The code snipper below is part of a much longer program. It crashes apparently at random, sometimes after looping several thousand times. A simplified version ran "forever", so I know the basic strategy is fine. The crash occurs upon "dispose"ing a record in list Root, and gives sometimes a Page Fault, sometimes a General Protection Fault. Examining the record being disposed shows no pattern, such as being at the end of the list, near the edge of the lattice, etc.
The object of the procedure is to define pathways through the 3-D maze defined in array Latt. Latt codes for connections in the positive and negative x, y, and z directions, and whether a given point has been tested yet (via Occ). In each pass through the list Root, the record location is examined for connected neighbors.

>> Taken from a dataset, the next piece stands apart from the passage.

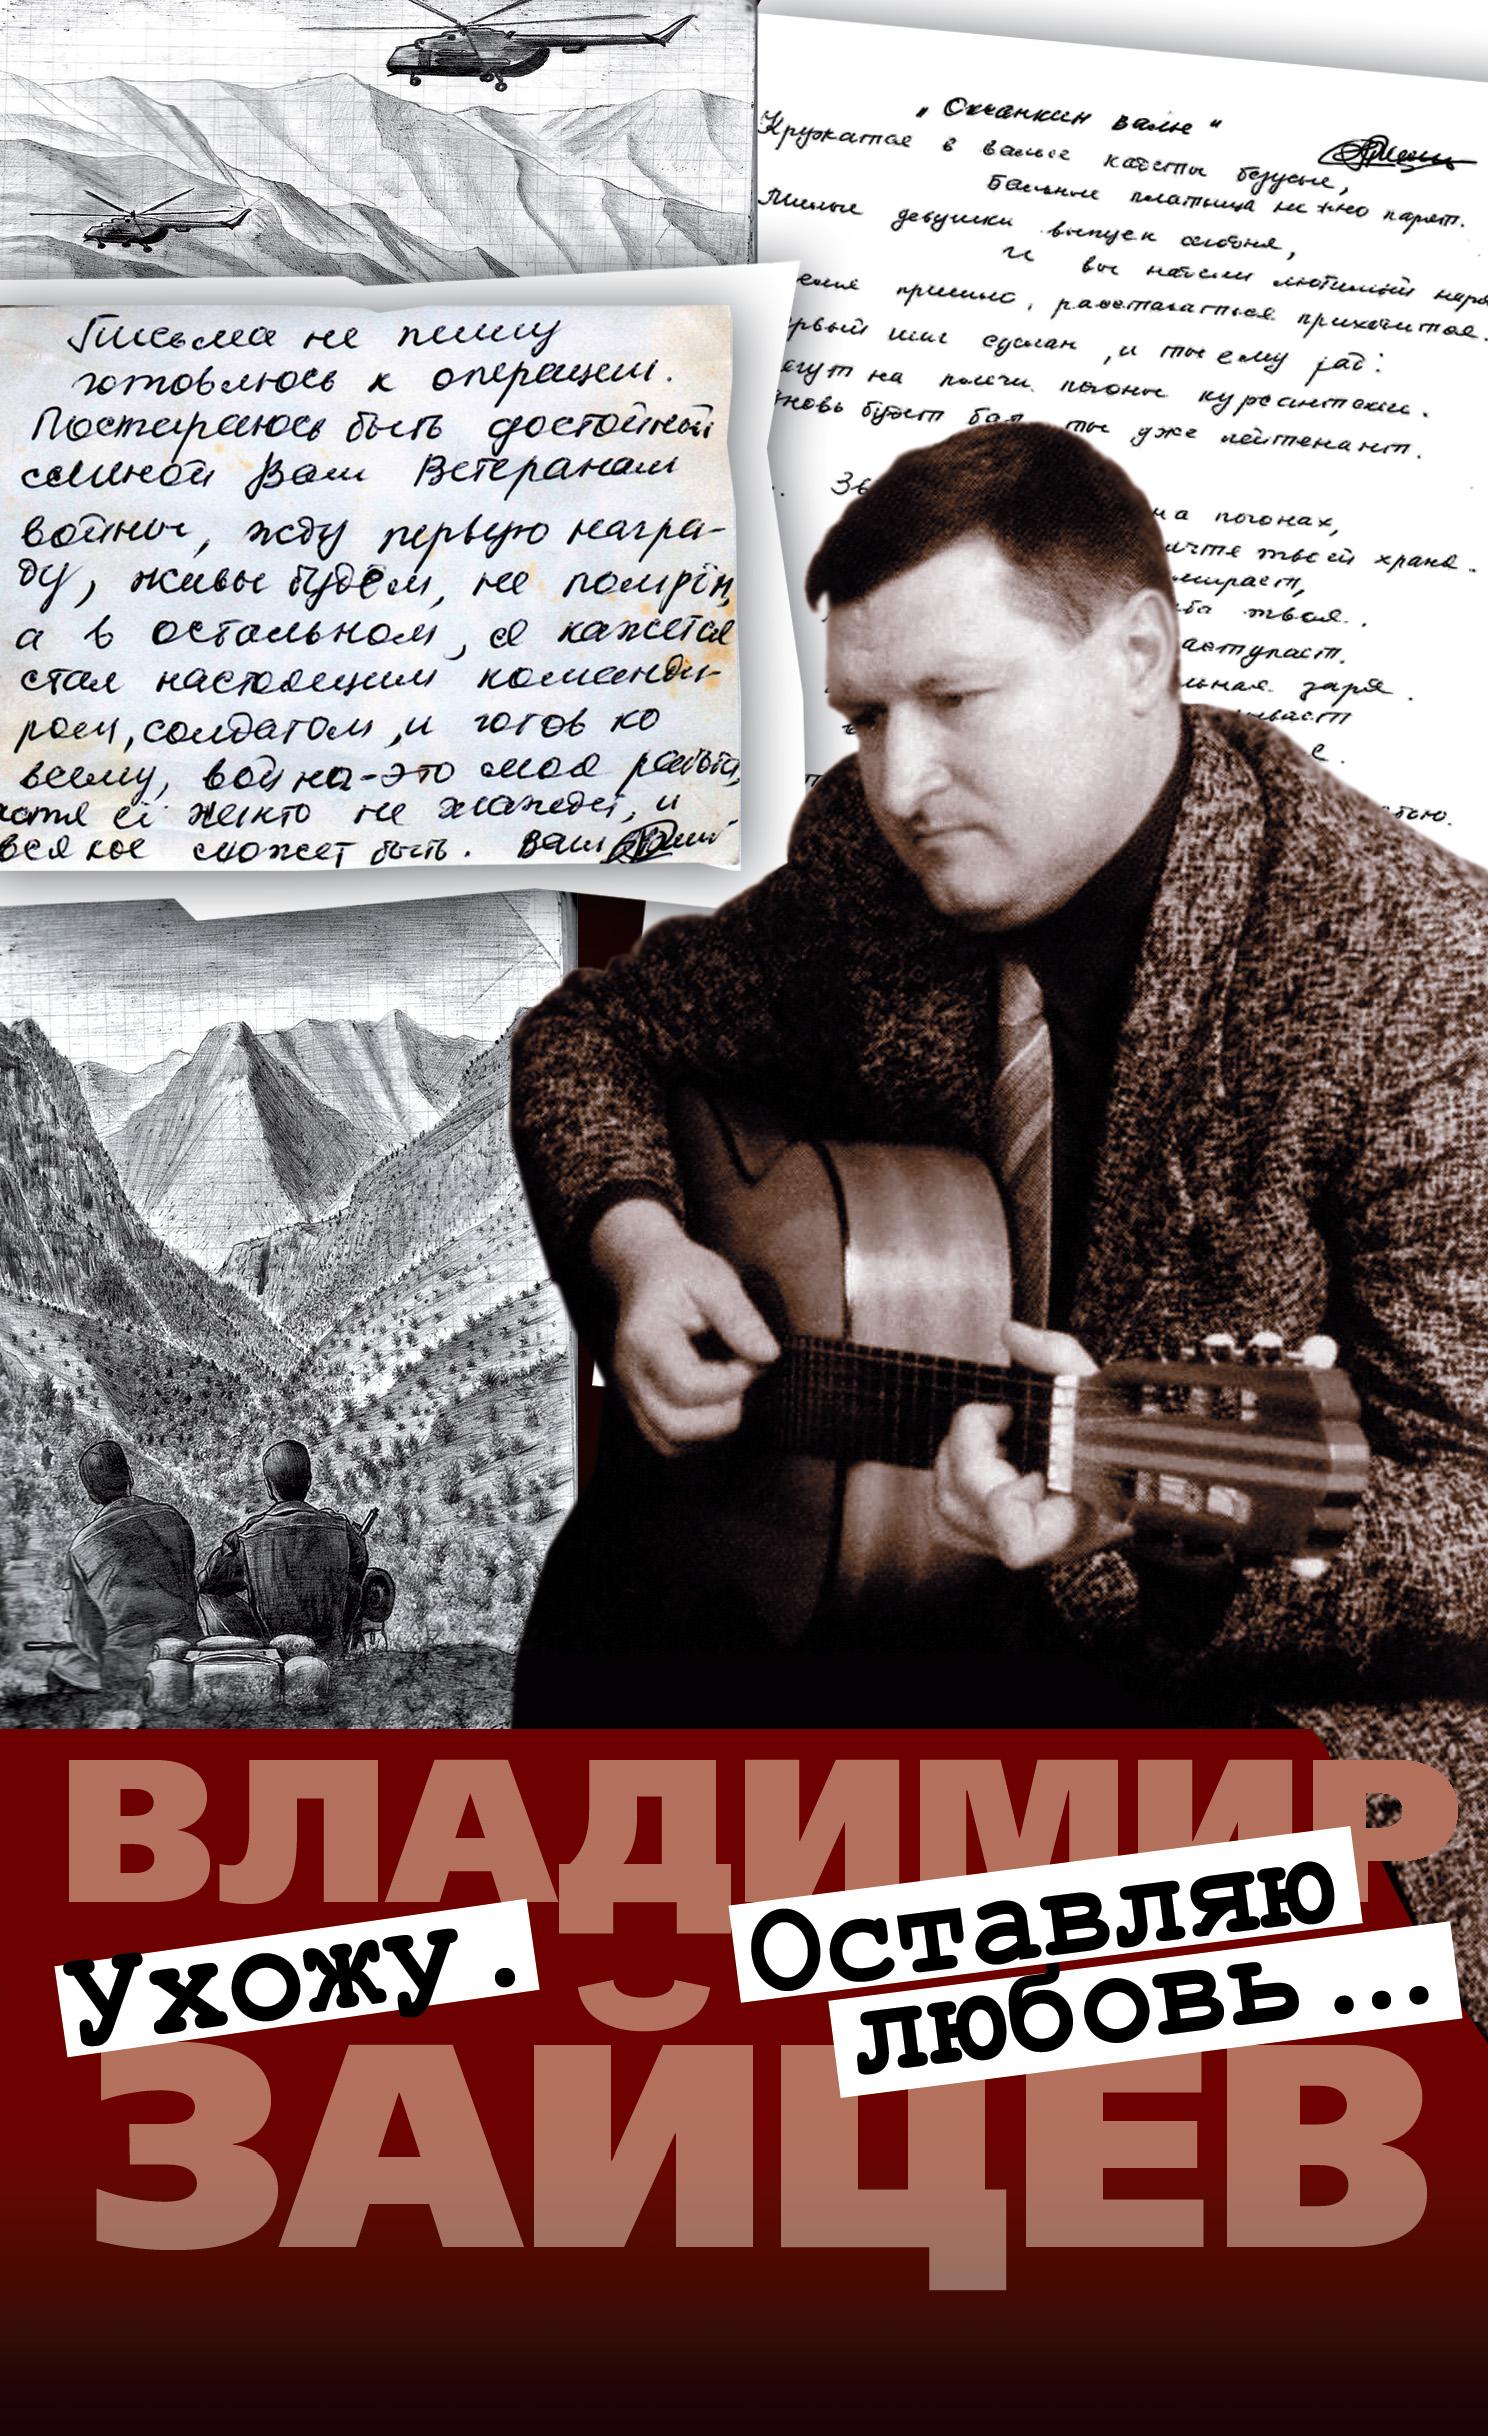 Ухожу. Оставляю любовь… Друзья и близкие о Владимире Зайцеве. Воспоминания. Стихи
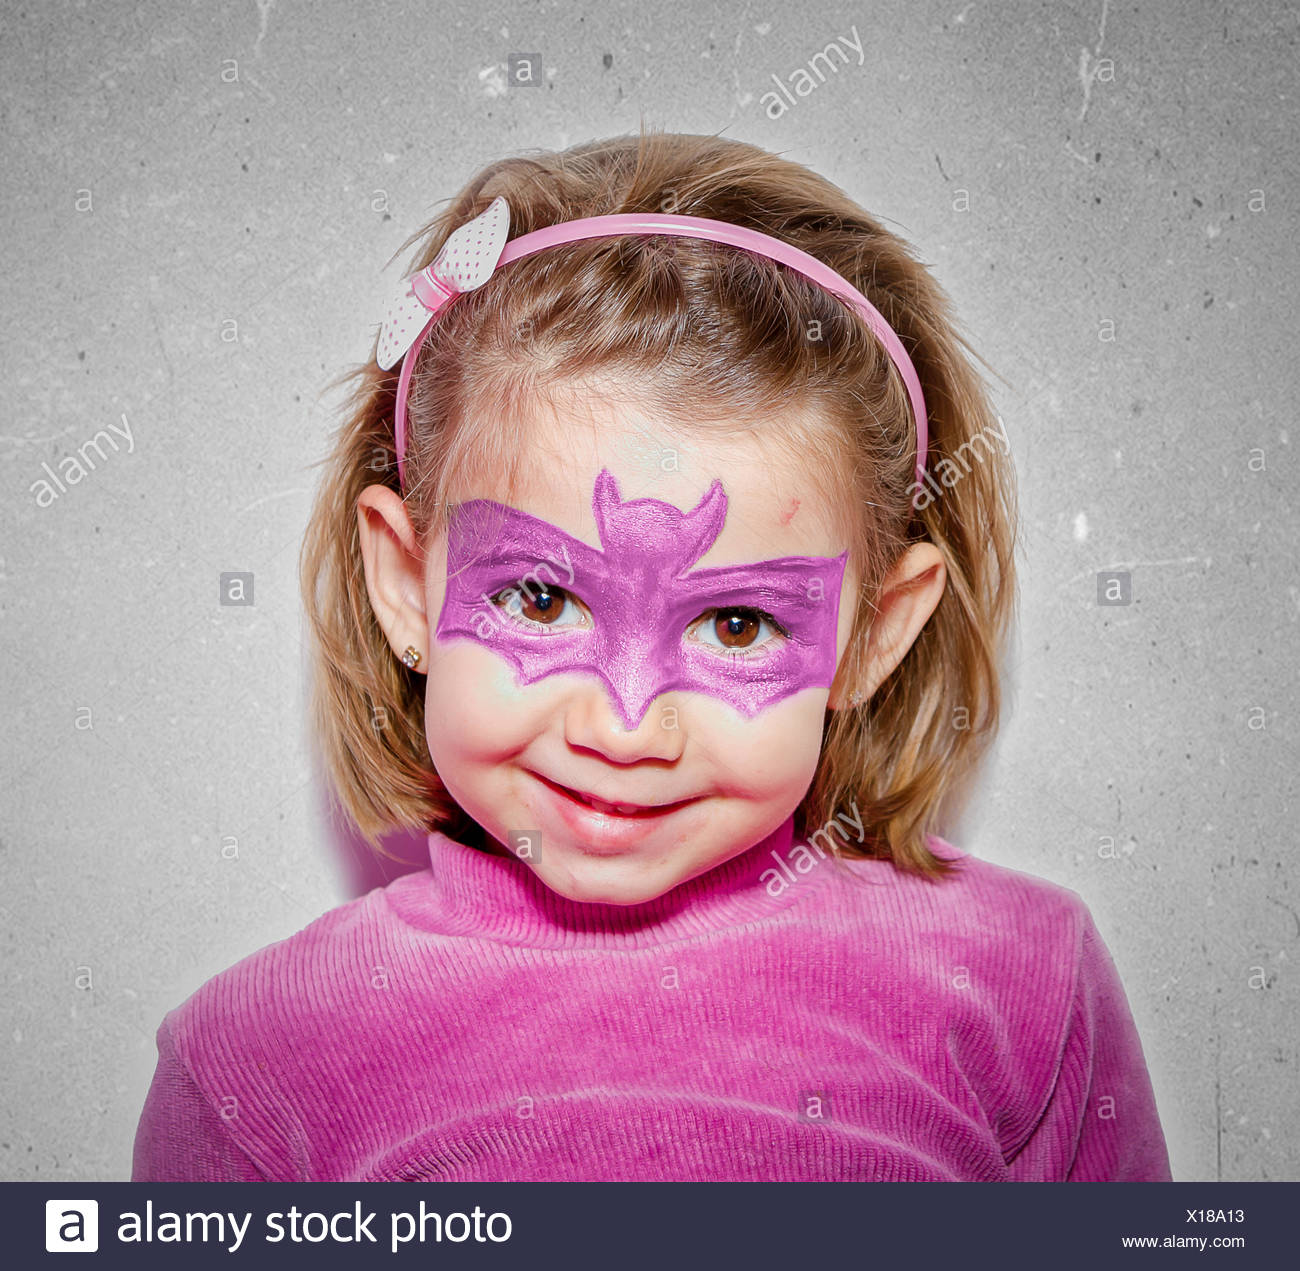 Portrait d'une fille souriante avec un masque de chauve-souris dessiné sur son visage Banque D'Images

The record is then disposed, and connected neighbors are inserted into the list "LNext". Then LNext is given to Root for the next pass. All insertions and deletions are therefore at the first position in a list.
It's probably an obvious problem, and I'm hoping fresh eyes can see it.
thanks, Toby
---------------------------------
Procedure Advance(var Root : PRec; {rx, ry, rz: medcard; next: PRec} var Latt : PPLary; (3D lattice in schema format} var here, count : medCard); {Local to NumLatt. 1. Identify adjacent, accessible sites. 2. if sites are unoccupied, insert them into LNext. 3. Delete Self from Root. 4. Set Root = Lnext.} var LNext, PSelf : PRec; lx, ly, lz, {neighboring locations} dir : medCard; {directions} Conduct : boolean; {=accessible site}
begin LNext := Nil; while (Root <> Nil) do begin PSelf := Root; with PSelf^ do for dir := 1 to 6 do begin {check all 6 directions} lX := rX; lY := rY; lZ := rZ; case dir of 1 : if (rX > 1) then begin {-X direction} lX := rX-1; Conduct := ((Latt^[rX]^[rY,rZ] AND Xn) = Xn); end else Conduct := False; 2 : begin {-Y direction} if (rY = 1) then lY := ny else lY := rY-1; Conduct := ((Latt^[rX]^[rY,rZ] AND Yn) = Yn); end; 3 : begin {-Z direction} if (rZ = 1) then lZ := nz else lZ := rZ-1; Conduct := ((Latt^[rX]^[rY,rZ] AND Zn) = Zn); end; 4 : begin {+Z direction} if (rZ = nz) then lZ := 1 else lZ := rZ+1; Conduct := ((Latt^[rX]^[rY,rZ] AND Zp) = Zp); end; 5 : begin {+Y direction} if (rY = ny) then lY := 1 else lY := rY+1; Conduct := ((Latt^[rX]^[rY,rZ] AND Yp) = Yp); end; 6 : if (rX >= nx) then Conduct := False else begin{+X direction} lX := rX+1; Conduct := ((Latt^[rX]^[rY,rZ] AND Xp) = Xp); end; end; {case}
if (Conduct and (Latt^[lX]^[lY,lZ] < Occ)) then begin {unoccupied site} inc(count); {count newly accessible} LInsert(LNext, lX, lY, lZ); {insert into LNext} Latt^[lX]^[lY,lZ] := Latt^[lX]^[lY,lZ] OR Occ;{mark as occupied} if ((not Infinite) and (lX = nx) {check for breakthrough} and ((Latt^[lX]^[lY,lZ] AND Xp) = Xp)) then begin Infinite := True; MinPath := here; end; end; {if Conduct} end; {for dir} Root := Root^.next; {advance through list} write('a'); dispose(PSelf); { <<=== program crashes here } write('b. '); end; Root := LNext; end; {Advance}
Toby Ewing wrote:
I'm having trouble with list management again.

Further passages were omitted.